Now, I have pressurized and I wanna try in-line diffuser on output. I heard great reports on it. It prob won't work with DIY.

And the receipe is simple. Google "DIY co2 yeast" and they're all the same  My bottle usually lasted for 2 months minimum


----------



## shark1505 (Jan 24, 2010)

2 months???? Mine usually last around 2 weeks!


----------



## inghamb87 (Mar 10, 2010)

Stunning! As chadly said, I wasn't so sure about the river rocks but it looks beautiful in there. Would love to share these on my platform as well if you are ok with it.

By the way, you are going to have one heck of a time keeping up with all them plants ;-) Good luck


----------



## barakainus (Jun 11, 2009)

shark1505 said:


> 2 months???? Mine usually last around 2 weeks!

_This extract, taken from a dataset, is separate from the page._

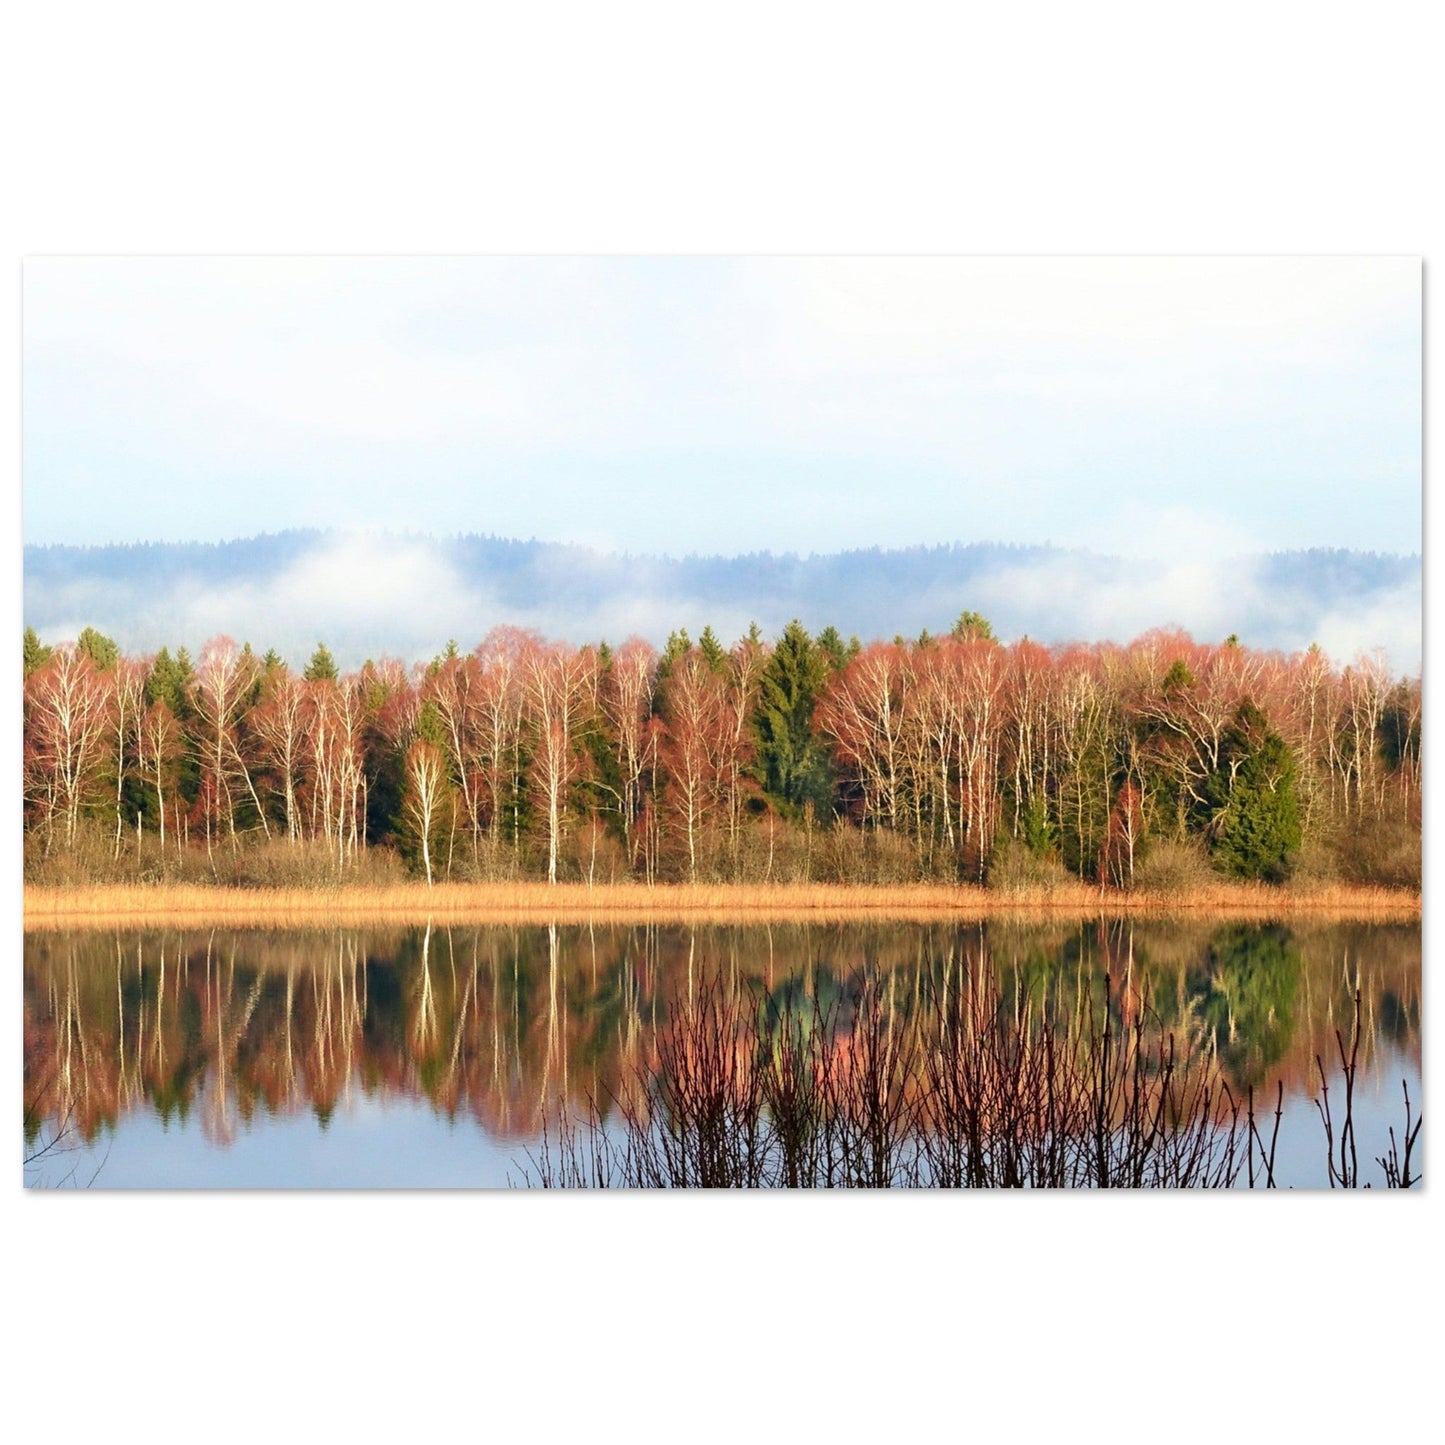 Vente Photo du Jura en automne #3 - Tableau photo alu montagne

They usually last even longer but then it's going too slow. It's all about the ratio of sugar a yeast. Too much sugar means they multiply too fast, create too much alcohol too fast and get themselves killed. Low sugar content - slow steady growth.


----------



## barakainus (Jun 11, 2009)

Two weeks later









And then another two weeks later









Whoever commented on the fast plant growth was right


----------



## PeterE (Feb 9, 2010)

Looks really good! Is that a Hygrophila on the right? I like the floating plants in the back.


----------



## barakainus (Jun 11, 2009)

I removed the white sand because it was getting more and more green rather than white. And also rescaped the tank a little. All driftwood was taken out and I placed some other wood on the right side more like roots (facing down) with java fern attached.

My angelfish loved this configuration and the next day claimed the right side and laid eggs on one of the leaf of java fern.
They all got eaten and there was no male in the tank, so it wouldn't lead to anything anyway... At least it showed me she's really "she" and that I needed a male.


----------



## barakainus (Jun 11, 2009)

More growth after couple of trims. 
Now with a new angelfish, male. Platinum blusher. My old angelfish really likes him and she laid eggs the next day.... and he eate them within few hours :/


----------



## oscarjamayaa (Dec 12, 2009)

I liked a lot the inicial design, but with so many plants you arhe having a realle deep jungle...


----------



## tropicalcrazy (May 4, 2010)

i have to agree with oscar, i also liked the initial design, although no matter whether thick full of plants or trimmed it is a very amazingly beautiful tank. i wish i had your talents in design. im starting to get there seeing more scapes


----------



## barakainus (Jun 11, 2009)

All river rocks are out. The wood on the left is there for my angelfish to have some easy-to-defend spot for their eggs.


----------



## Sidefunk (Apr 20, 2010)

wow


----------



## ItsDubC (Jan 12, 2008)

Very natural-looking IMHO. Well done! :thumbsup:


----------



## barakainus (Jun 11, 2009)

My angelfish are trying to protect their eggs on the wood on left and cardinals are lined up on the other side, waiting to eat them all.
And unfortunately, they always succeed :/


----------



## sam22sam (Jul 9, 2010)

Vow.. love the scape.. the color contrasts and the wood branch is amazing. 

You have neon tetras with an angel.. thought that was angel's favorite meal in the wild...


----------



## f1ea (Jul 7, 2009)

sam22sam said:


> Vow.. love the scape.. the color contrasts and the wood branch is amazing.
> 
> You have neon tetras with an angel.. thought that was angel's favorite meal in the wild...


I think those are Cardinals.
But still, angelfish in the wild ussualy grow larger, and are hungrier than captives... the domesticated fellas sometimes learn to rather wait for their awesome magic food-providing hand.


----------



## barakainus (Jun 11, 2009)

Yes, these are cardinals and they're as big as they get (some of the females) but more importantly, the angel was with them since it was a baby. This way, it learned that "fish are friends not food" 
I've seen tank with grown Arowanas, Discus and angelfish and small tetras living happily together! So, it's possible to get even 20" fish not to eat 1" tetra. 

btw, I have now wild caught Altums in my 90p tank with much smaller cardinals and they don't seem to bother them either.


----------



## JEden8 (Nov 11, 2010)

Pavel, where did you get your hardscape?


----------



## barakainus (Jun 11, 2009)

It's manzanita wood from Sierras. The pebbles were from craft store


----------